At this point you might be wondering why these anti-patterns are such big problems in my eyes. A lot of little mistakes made over time combine to have serious ramifications. An experienced mountain climber once told me that you don't ignore the little mistakes, because you could be one little mistake away from falling to your doom. Databases typically are intended to live long lives in comparison to the rest of our software and systems. Small mistakes build up a residue over time and can make your database feel its age sooner than expected.
The point is, having one column set as a CHAR(15) instead of a VARCHAR(15) (probably) won't kill its performance. Similarly, one table with 56 columns isn't a deal breaker. The real problem comes up when you have a repetitive pattern of these anti-patterns throughout an entire large database. The following screenshot came from a database I was performance tuning because it had gound to a painful halt. Even basic queries returning a few thousand rows were taking minutes (sometimes dozens of minutes) to execute and return results. Note the data size going through the query node I was examining, a whopping 57GB!
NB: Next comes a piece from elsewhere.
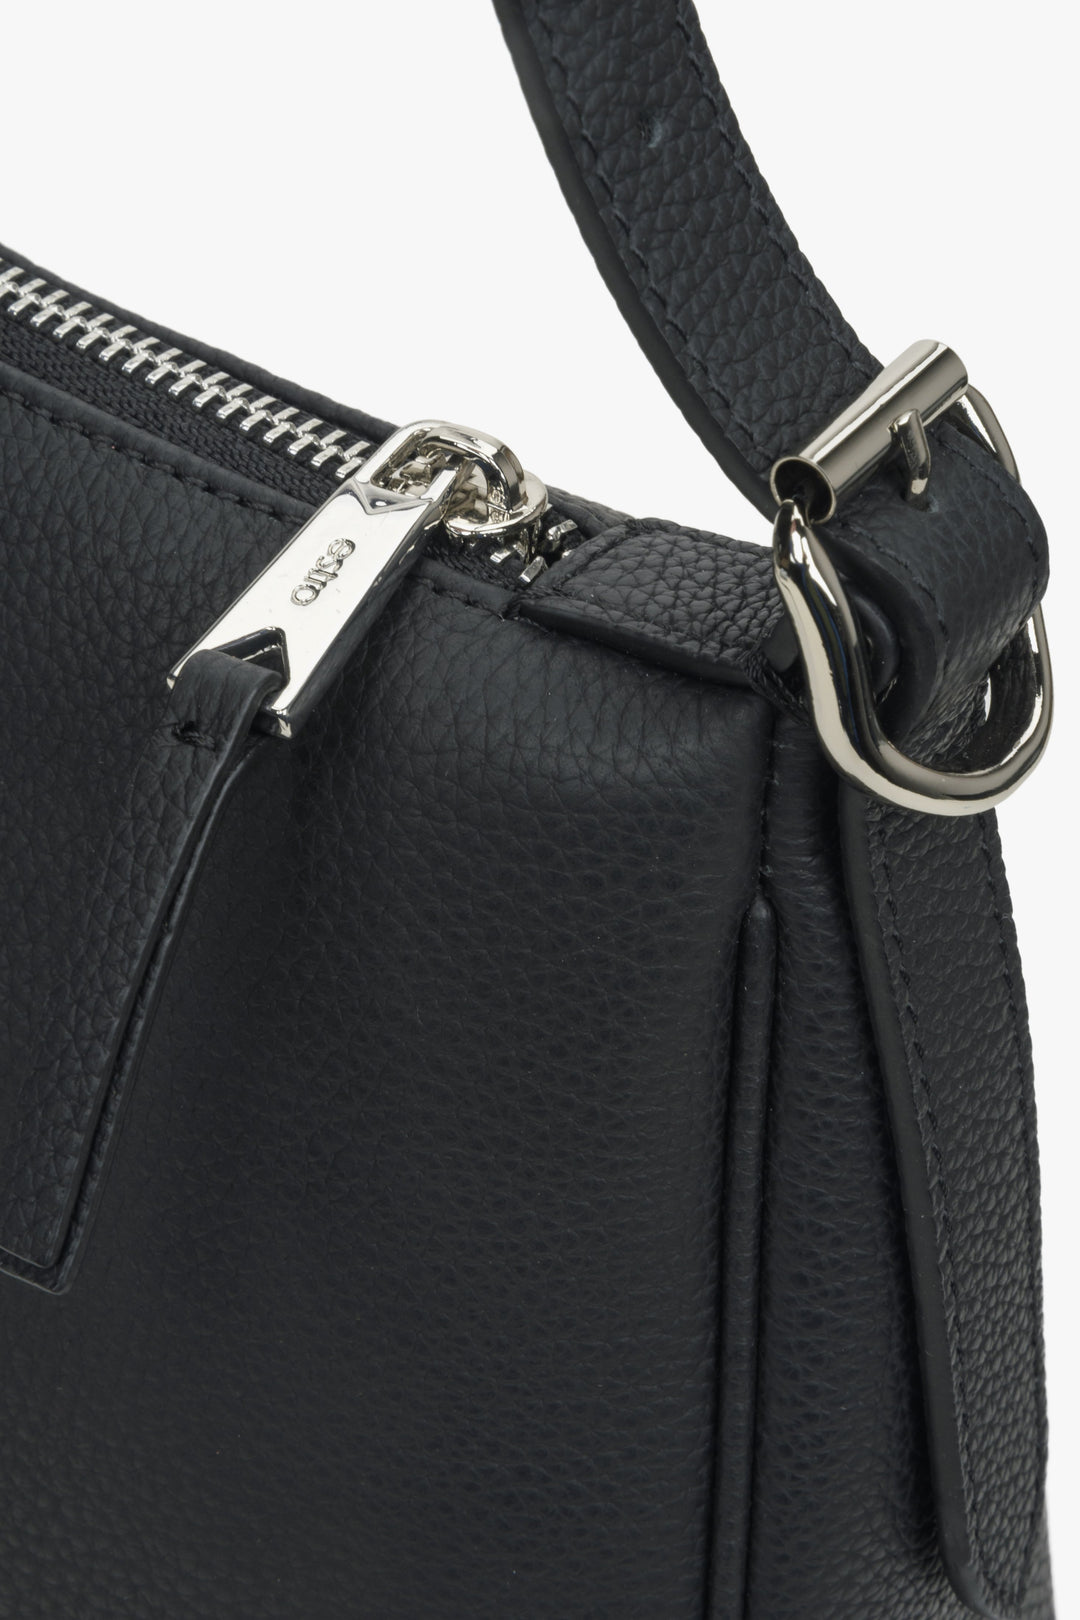 Leather shoulder bag in black - close-up on the details.

When I saw this result I couldn't believe it. It seemed impossible because the entire database was only 32 GB yet that one step in this view was moving 57 GB around! I double and triple checked the stats, and it was happening. No wonder it was slow!
The view that produced that screenshot suffered from all of the anti-patterns I described above. Considering that SQL Server runs on dedicated hardware, has many cores, and RAM in the 100s of GB, a small- to medium-sized database should not be able to brint it to its knees and speaks of how poorly the database was designed. That's painfully true if you compare that to the performance I was able to pull from PostgreSQL on a Raspberry Pi 2B+.
The little mistakes add up.
Anti-pattern Overview
Now for a handy summary of what to avoid to avoid these anti-patterns:
- AP1: Missing PK indicates wide-spread problems. Good luck.
- AP2: Wrong data type
- AP3: Too many columns
- AP4: Wrong data type
- AP5: Dead weight everywhere
- AP6: Super-views have big egos
Parting thoughts
I have made all these mistakes myself in various projects. There's a database I built more than five years ago that still lives on despite the multitude of mistakes and oversights I made in my initial designs. It wasn't long after I made those exact mistakes that I wrote this post! One by one I'm righting my previous mistakes, but refactoring a database of that scale isn't easy either.
I will end this post with the same challenge I gave to myself in 2013.
Set aside dedicated time every week to do something that will likely lead to a mistake I can learn from.